Kaitannya dengan ekosistem Ethereum
CoW Swap termasuk layanan yang dikenal luas di ekosistem Ethereum, termasuk di kalangan pengguna berprofil tinggi. Vitalik Buterin, salah satu pendiri Ethereum, tercatat beberapa kali memakai CoW Swap untuk menukar aset ETH ke stablecoin dan transaksi aset lain berdasarkan data on-chain dari Arkham Intelligence.
Fakta itu menegaskan bahwa serangan terhadap antarmuka layanan DeFi dapat memengaruhi proyek yang punya reputasi kuat sekalipun. Risiko tidak hanya datang dari kode kontrak, tetapi juga dari pengelolaan domain, DNS, dan keamanan akses situs yang menjadi pintu masuk pengguna.
Langkah yang perlu diperhatikan pengguna
Pengguna DeFi biasanya diminta lebih waspada saat sebuah protokol mengumumkan gangguan keamanan. Tindakan cepat dapat membantu mencegah persetujuan transaksi yang tidak disadari pada situs yang telah disusupi.
Hal yang perlu diperiksa meliputi:
- Status resmi dari akun X atau kanal komunitas proyek.

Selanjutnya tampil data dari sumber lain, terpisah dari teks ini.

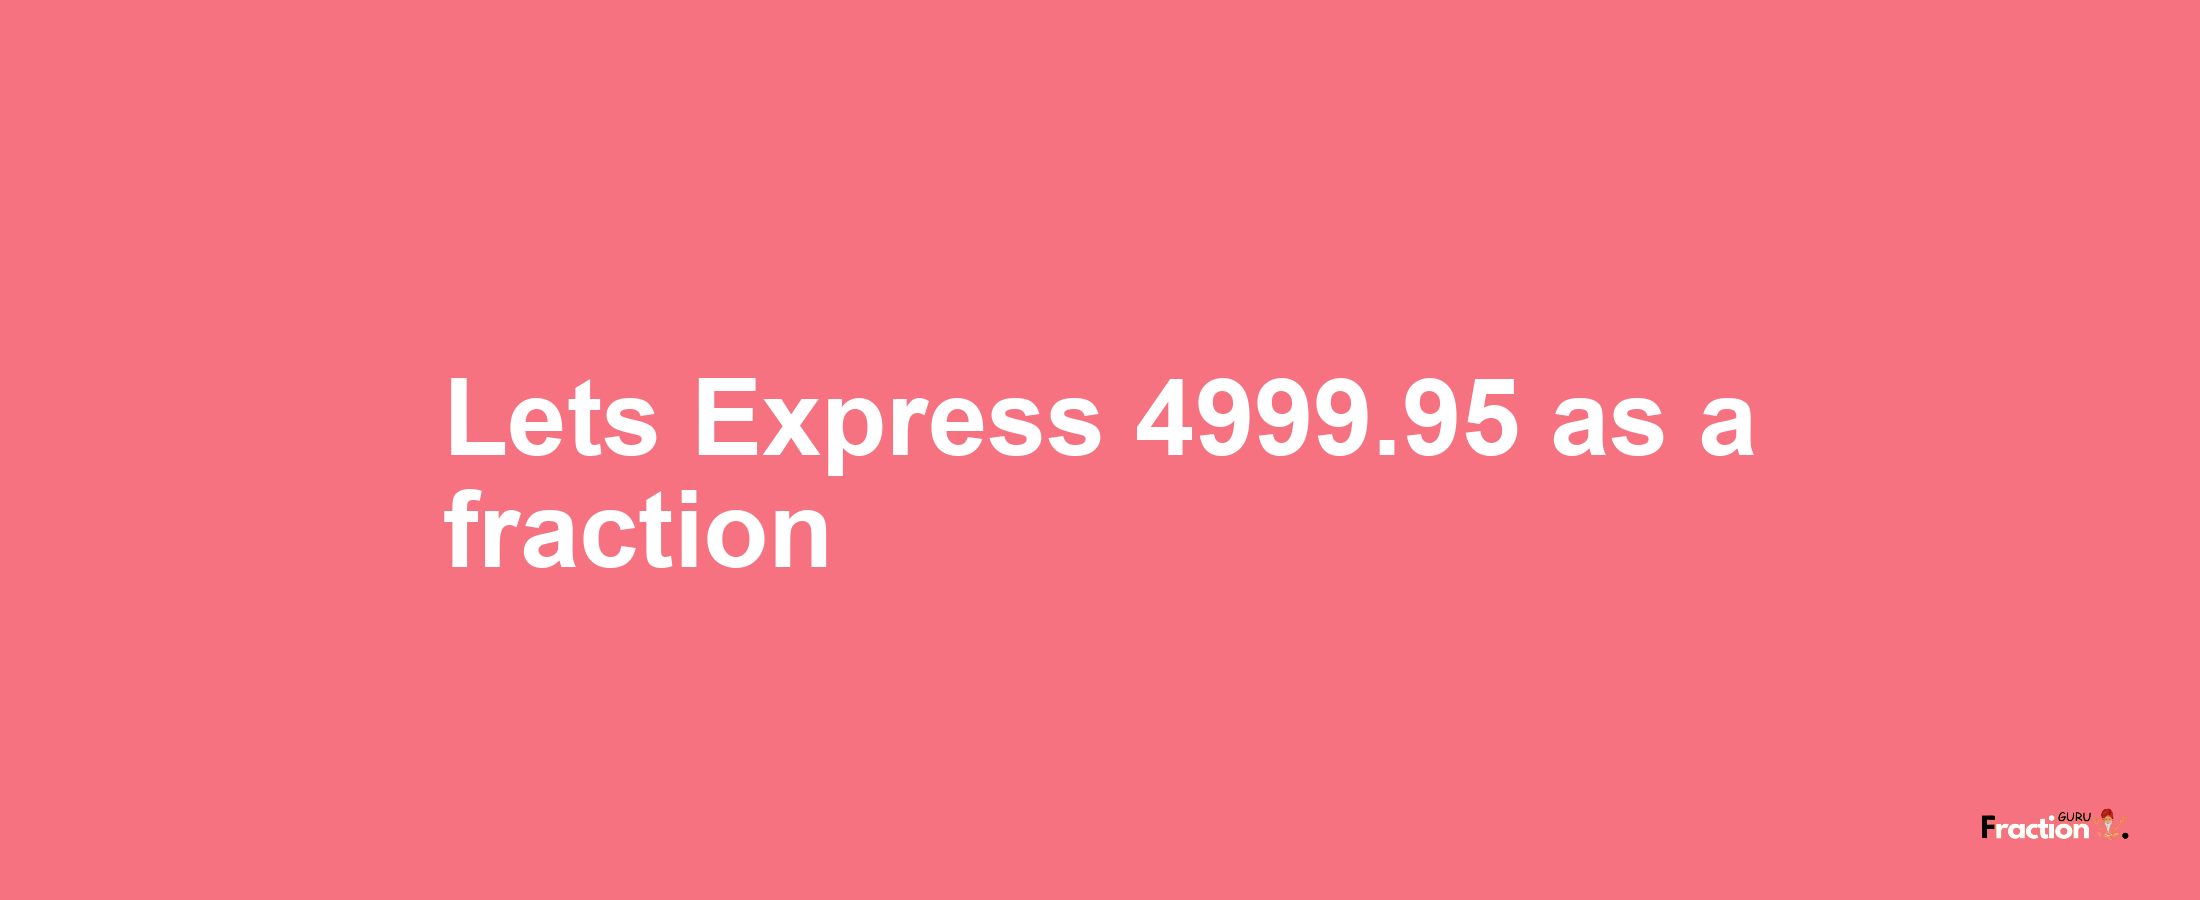 Lets Express 4999.95 as afraction
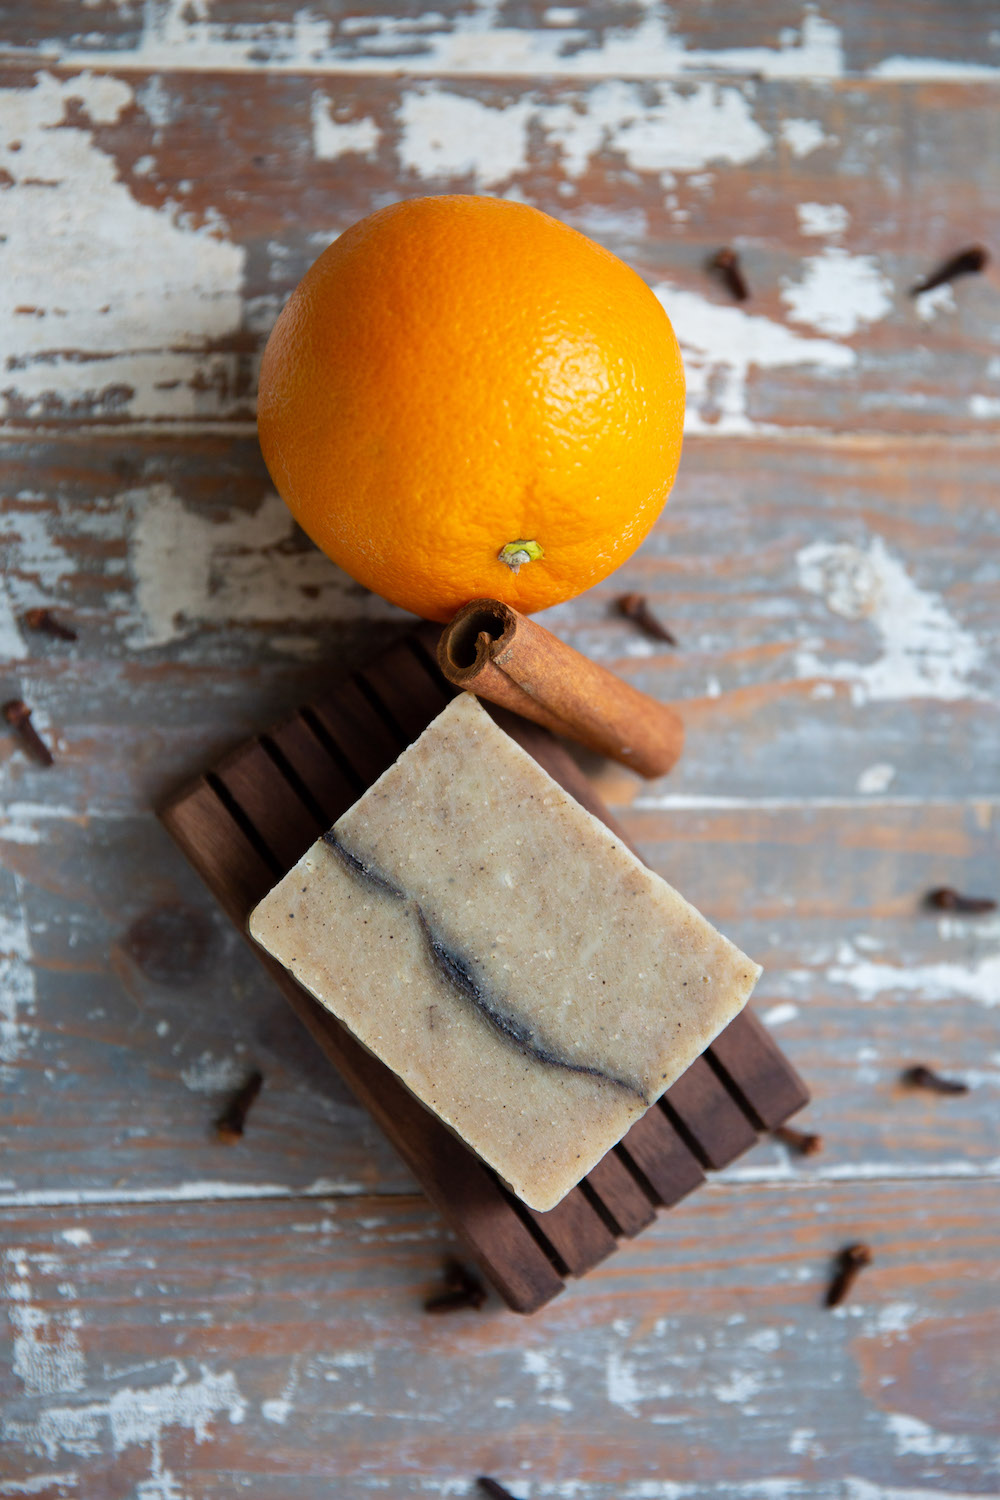 freedom soaps fall product photography - sweet orange and cinnamon soaps.jpg

- Alamat domain yang dibuka sebelum menandatangani transaksi.
- Isi approval yang diminta dompet digital.
- Aktivitas transaksi terbaru di wallet jika sempat berinteraksi dengan situs pada periode insiden.
CoW Swap masih menunggu hasil investigasi lebih lanjut untuk memastikan skala dampak dan jumlah pengguna yang benar-benar terdampak. Hingga pembaruan resmi dirilis, perhatian utama tetap tertuju pada keamanan front-end, verifikasi domain, dan potensi penyalahgunaan approval yang bisa memicu kehilangan aset di jaringan Ethereum.